SELECT COUNT(*), MIN(css.min_data_id), MAX(css.max_data_id)
FROM sys.objects o
INNER JOIN sys.columns c ON o.object_id = c.object_id
INNER JOIN sys.partitions p ON o.object_id = p.object_id
INNER JOIN sys.column_store_segments css
    ON p.hobt_id = css.hobt_id
    AND css.column_id = c.column_id
WHERE o.name = 'BIG_DATA'
AND c.name = 'ID';

Getting the relevant segment_ids for a particular filter finishes in under a second:

SELECT segment_id
FROM sys.objects o
INNER JOIN sys.columns c ON o.object_id = c.object_id
INNER JOIN sys.partitions p ON o.object_id = p.object_id
INNER JOIN sys.column_store_segments css
    ON p.hobt_id = css.hobt_id
    AND css.column_id = c.column_id
WHERE o.name = 'BIG_DATA'
AND c.name = 'ID'
AND 500000 BETWEEN css.min_data_id AND css.max_data_id;

I’m dealing with DMVs so I would expect SQL Server to be able to do rowgroup elimination in a much more efficient way than the above queries. Therefore, 30 seconds seemed like a reasonable upper bound for the following query:

SELECT COUNT(*)
FROM dbo.BIG_DATA
WHERE ID = 500000;

The query takes over 15 minutes to complete despite reading only a single segment:

Table ‘BIG_DATA’. Scan count 4, logical reads 0, physical reads 0, read-ahead reads 0, lob logical reads 6, lob physical reads 1, lob read-ahead reads 0.
Table ‘BIG_DATA’. Segment reads 1, segment skipped 953674.

SQL Server Execution Times:
CPU time = 905328 ms, elapsed time = 917478 ms.

The Evil Wait Event

The query had a max wait time of 915628 ms for QUERY_TASK_ENQUEUE_MUTEX. This is suspiciously close to the elapsed time of 917478 ms. Unfortunately this is a very unpopular wait event in the industry. The wait event library has almost no information about it as well.

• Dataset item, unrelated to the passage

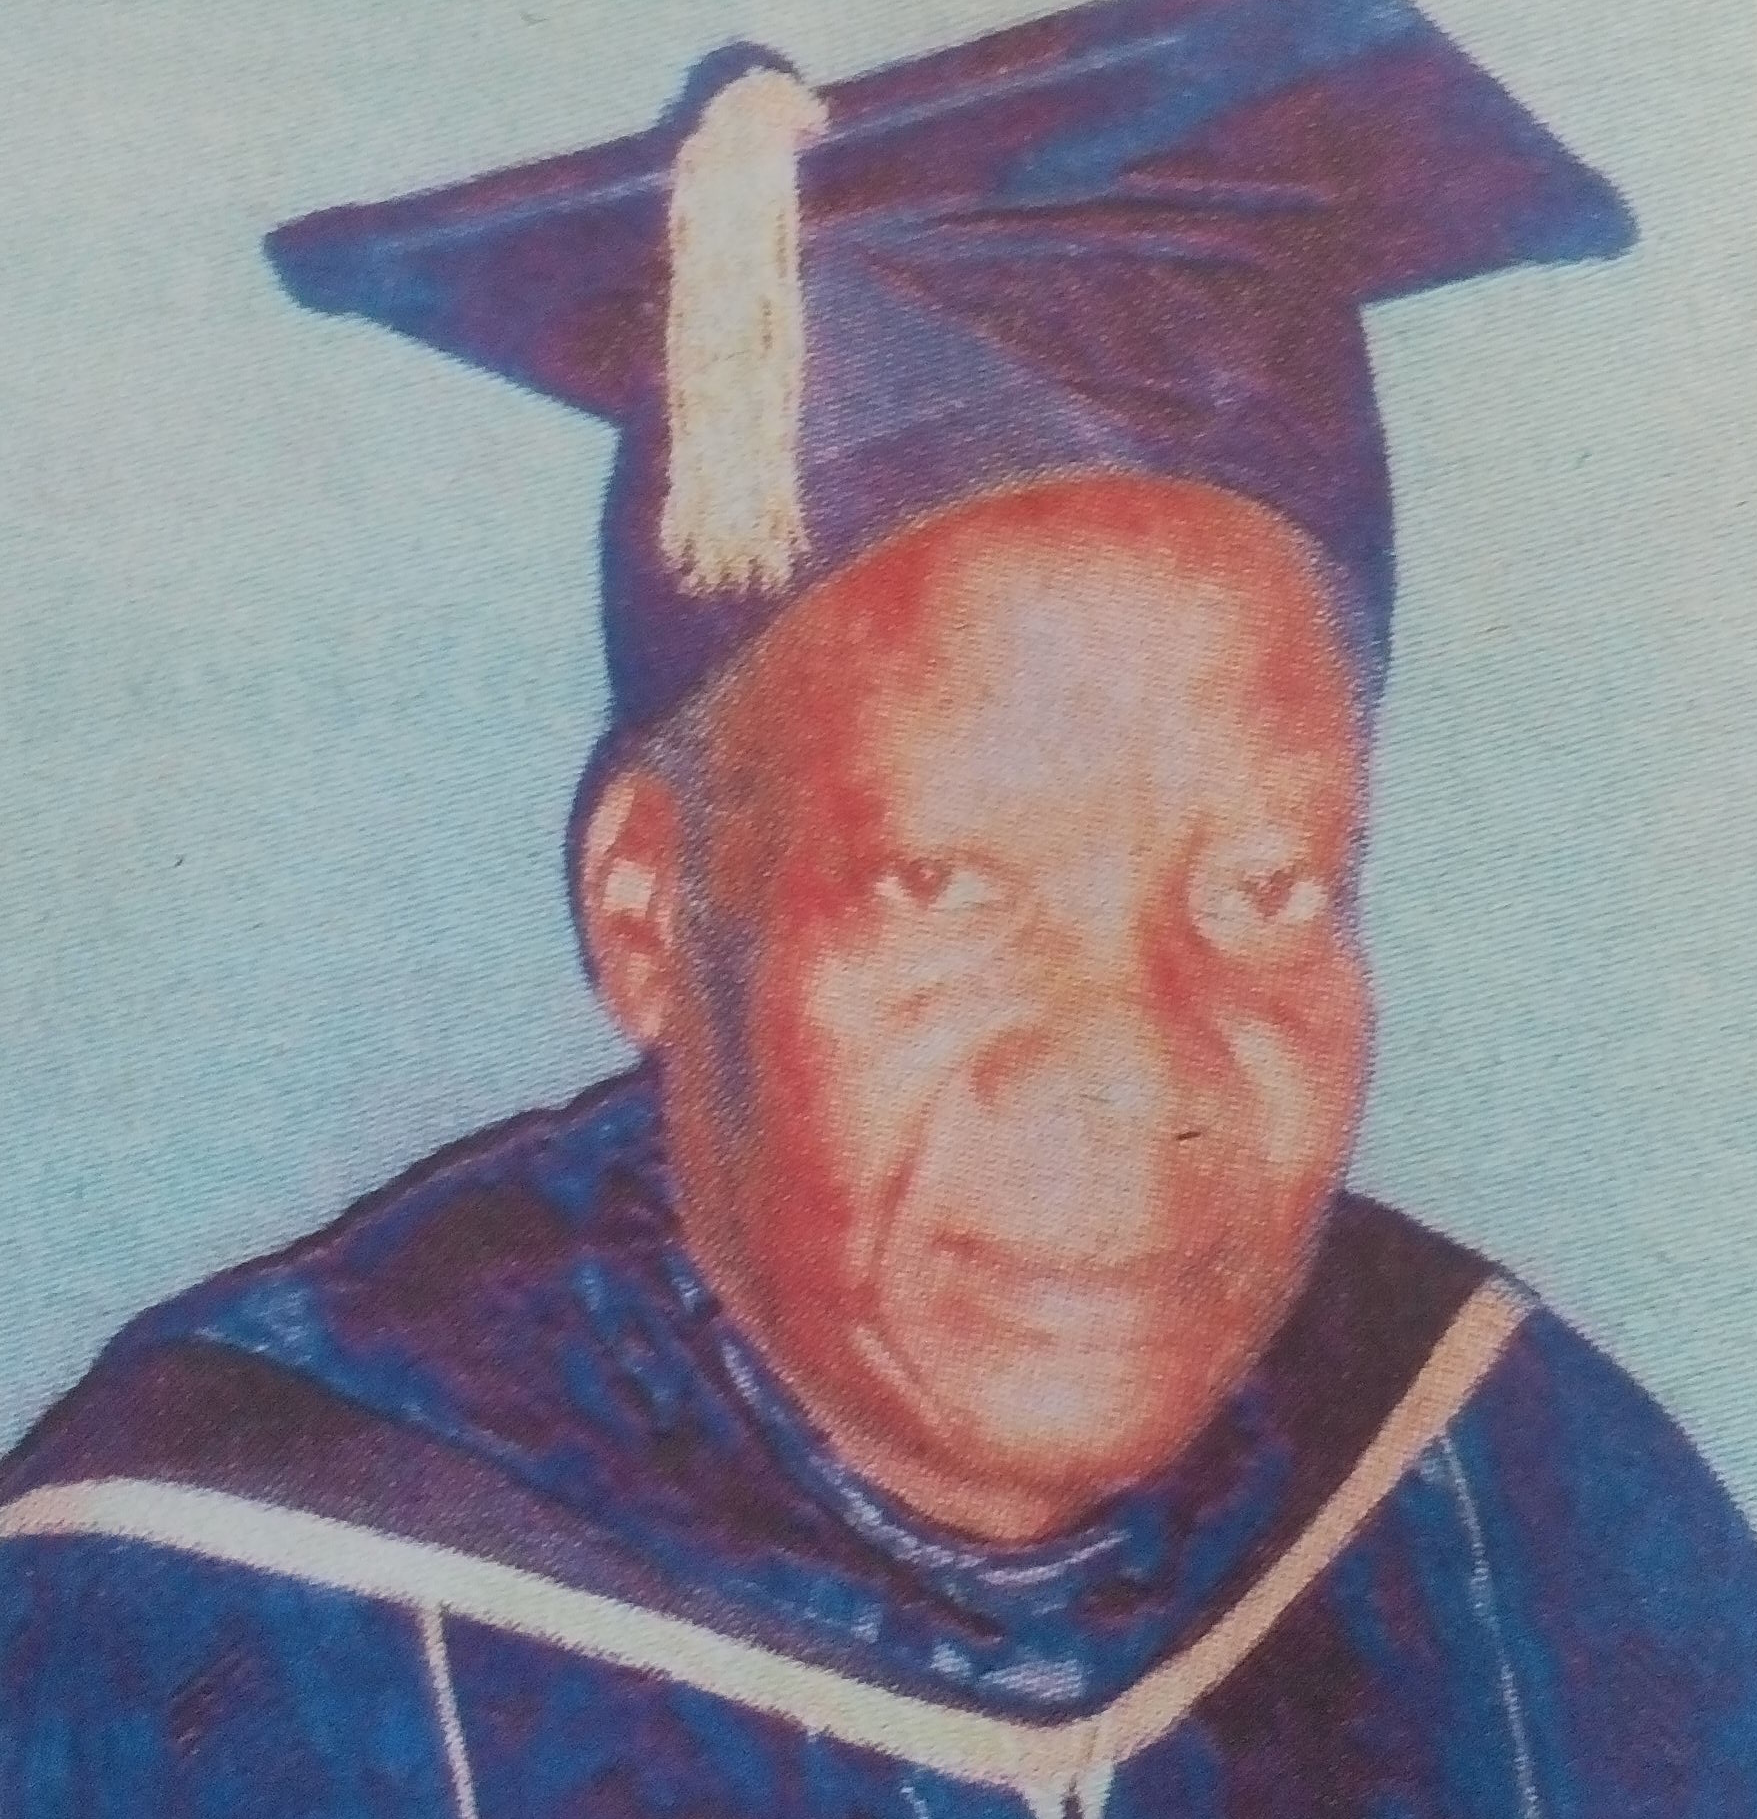 Obituary Image of Prof Joshua J. Akong’a

I call this the evil wait event because while it’s happening queries cannot be canceled through SSMS and many unrelated queries won’t even run. Most of the time no useful work can be done on the instance. I can’t read Russian so I’m not sure what the wait event is about. After I restarted SQL Server the wait event no longer appeared as consistently, but query performance did not improve as far as I could tell.

Other Queries

I ran a few other tests queries as well, although I was limited in what I could do by the evil wait event. The following query is the only one that I found that wasn’t affected:

SELECT TOP 1 ID
FROM dbo.BIG_DATA;

For reasons I don’t understand the query still took a long time:

Table ‘BIG_DATA’. Scan count 1, logical reads 0, physical reads 0, read-ahead reads 0, lob logical reads 6, lob physical reads 1, lob read-ahead reads 0.
Table ‘BIG_DATA’. Segment reads 1, segment skipped 0.

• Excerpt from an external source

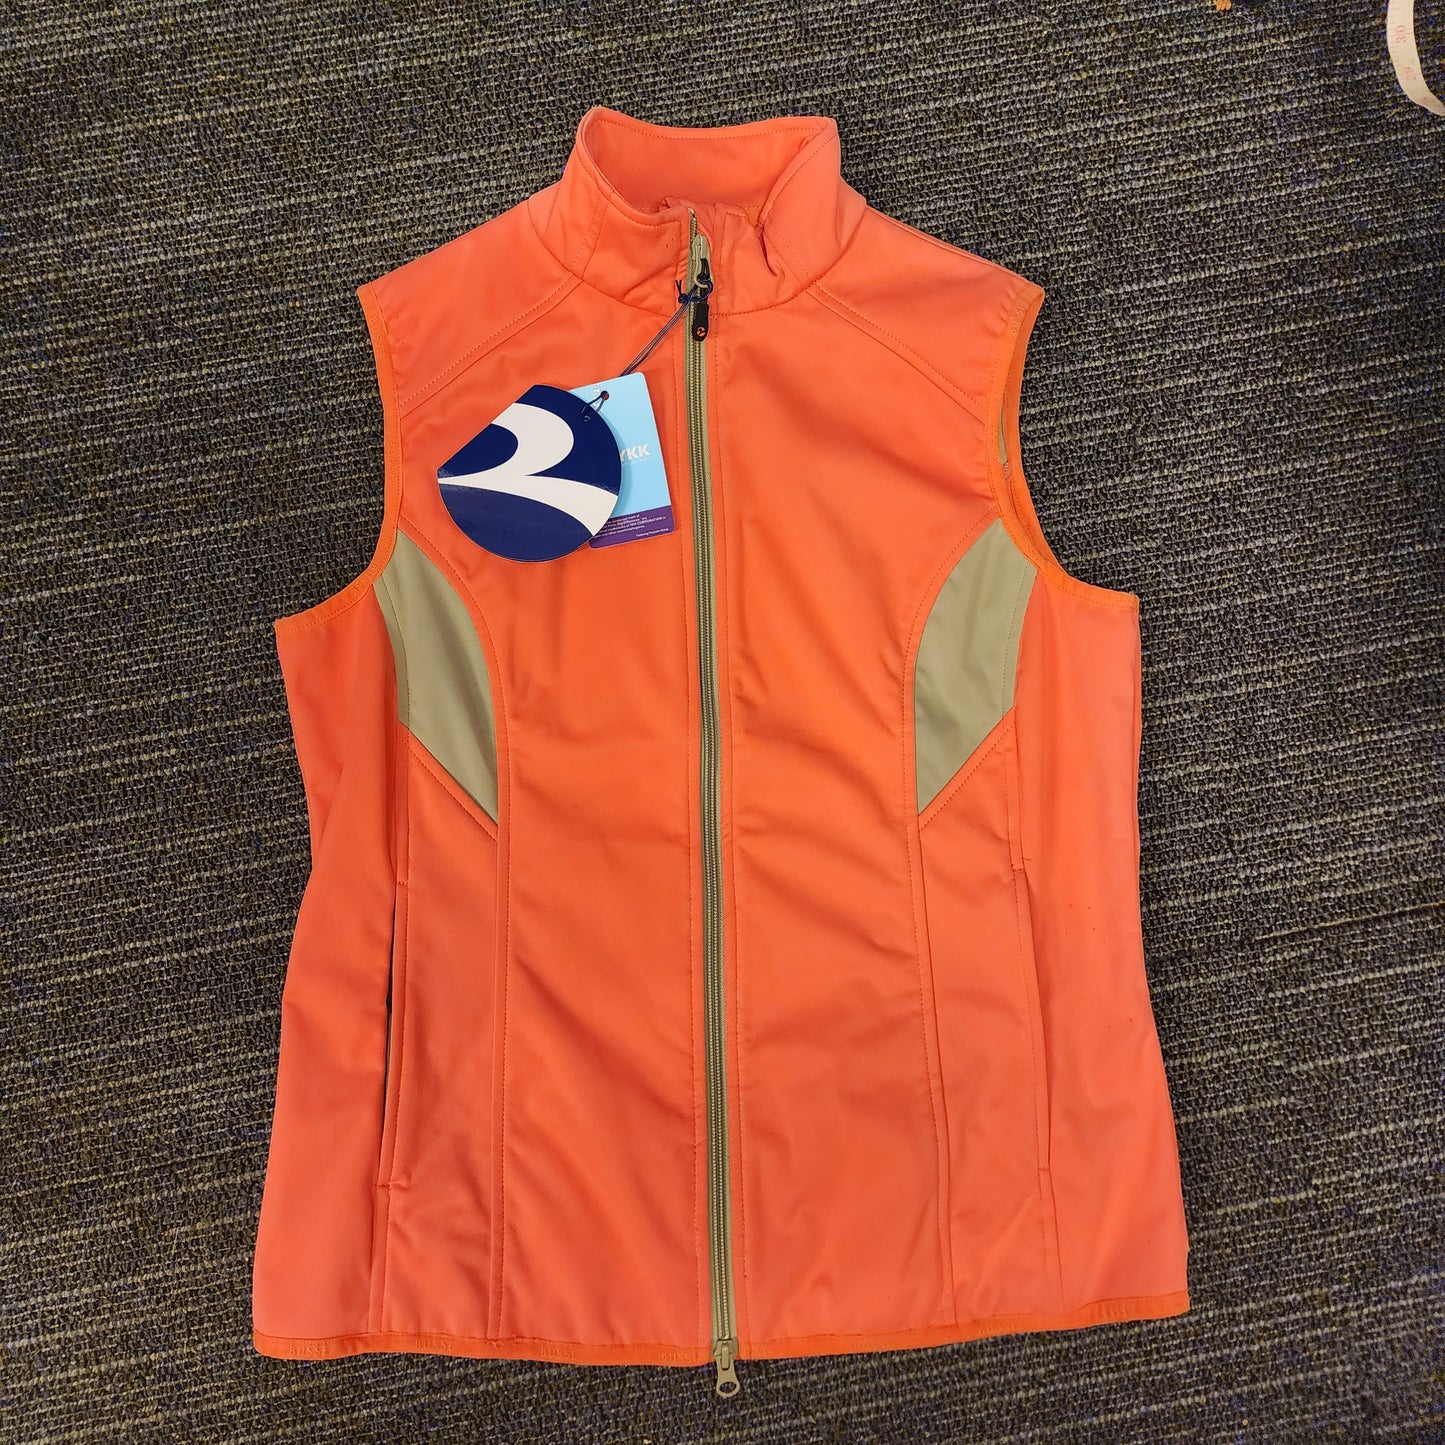 Busse orange softshell vest - brand new

SQL Server Execution Times:
CPU time = 791625 ms, elapsed time = 811202 ms.

Counting the rows in the table took almost half an hour:

SELECT COUNT_BIG(*)
FROM dbo.BIG_DATA;

Statistics output:

Table ‘BIG_DATA’. Scan count 4, logical reads 0, physical reads 0, read-ahead reads 0, lob logical reads 5722050, lob physical reads 819345, lob read-ahead reads 0.

SQL Server Execution Times:
CPU time = 3734515 ms, elapsed time = 1635348 ms.

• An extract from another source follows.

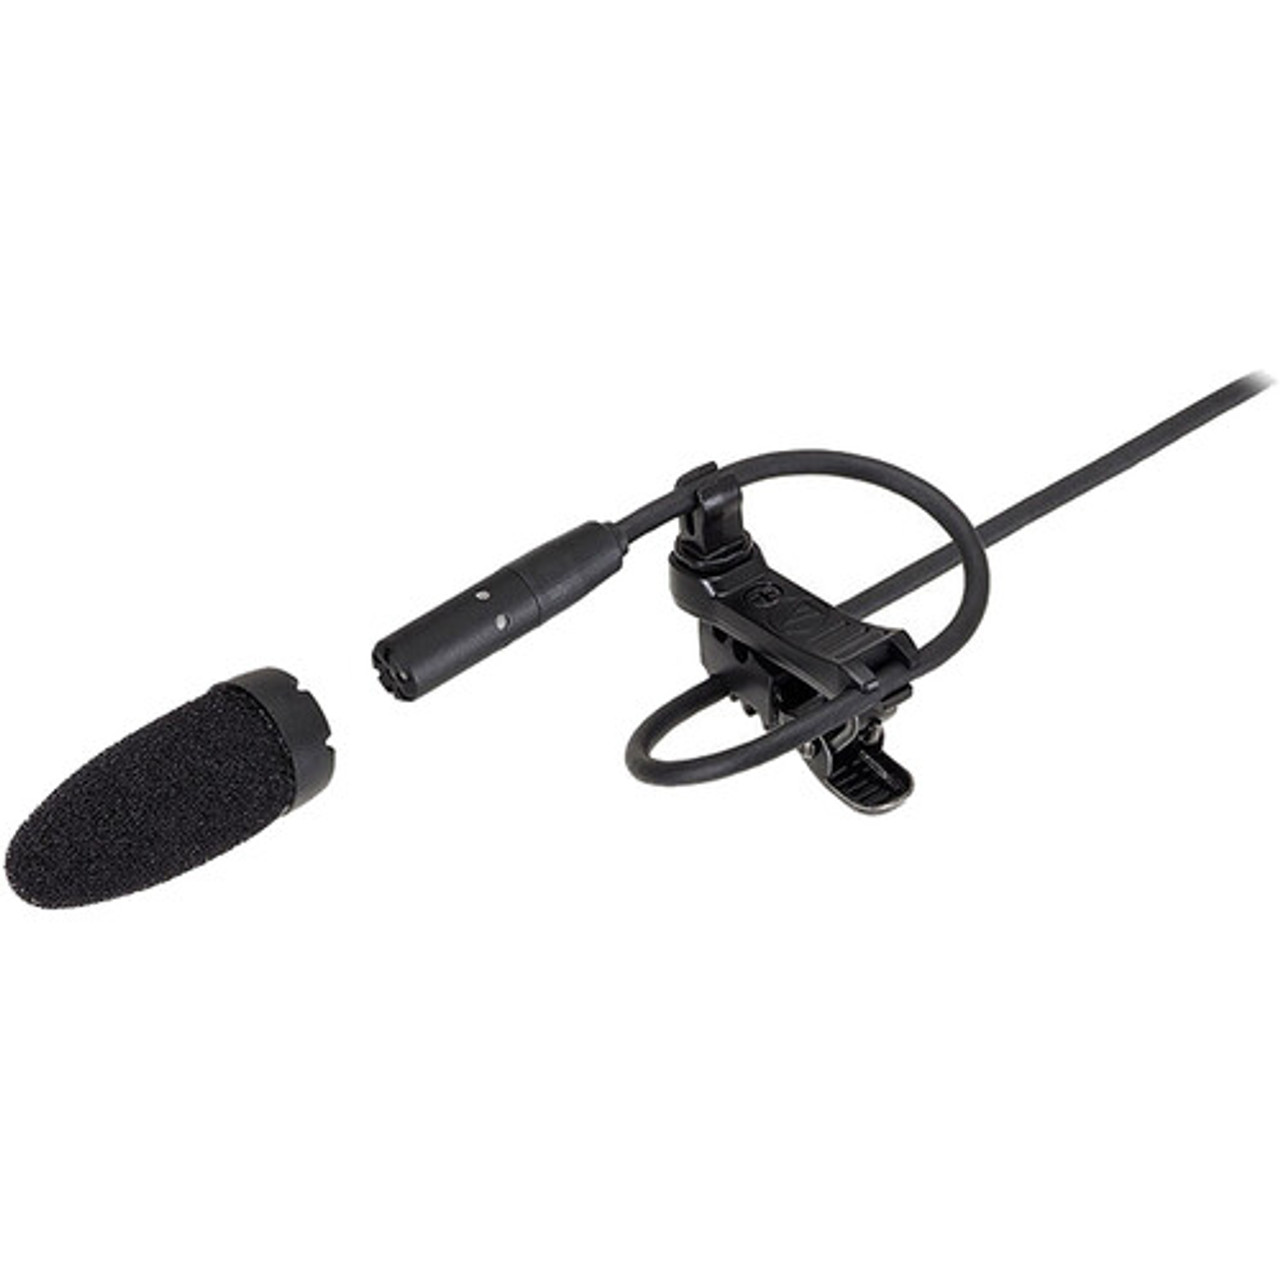 Audio-Technica BP898cT4 Subminiature Cardioid Lavalier Microphone (Black, TA4F Connector) (BP898CT4)

A query to sum every ID in the table took over 40 minutes:

SELECT SUM(ID)
FROM dbo.BIG_DATA;

Statistics output:

SQL Server Execution Times:
CPU time = 4810422 ms, elapsed time = 2433689 ms.

As expected performance gets worse without aggregate pushdown. Picking a simple query that’s not supported:

SELECT MAX(ID / 1)
FROM dbo.BIG_DATA;

This query took over an hour:

SQL Server Execution Times:
CPU time = 10218343 ms, elapsed time = 3755976 ms.

Queries against some of the CCIs DMVs don’t do very well either. A simple count took almost ten minutes:

SELECT COUNT(*)
FROM sys.dm_db_column_store_row_group_physical_stats
where OBJECT_ID = OBJECT_ID('BIG_DATA');

All of the work appears to be in the COLUMNSTORE_ROW_GROUPS table-valued function but I didn’t dig any more into it.

If you’re interested in how a query performs let me know in the comments. I will try anything that’s somewhat reasonable.

Final Thoughts

Now I can add working with trillion row tables to my resume. The compression for the one trillion row table was very impressive but everything else was decidedly less impressive. The very long QUERY_TASK_ENQUEUE_MUTEX wait times for nearly all queries were especially disappointing. I plan to do more testing at a later date with a partitioned table to see if that helps at all. Thanks for reading!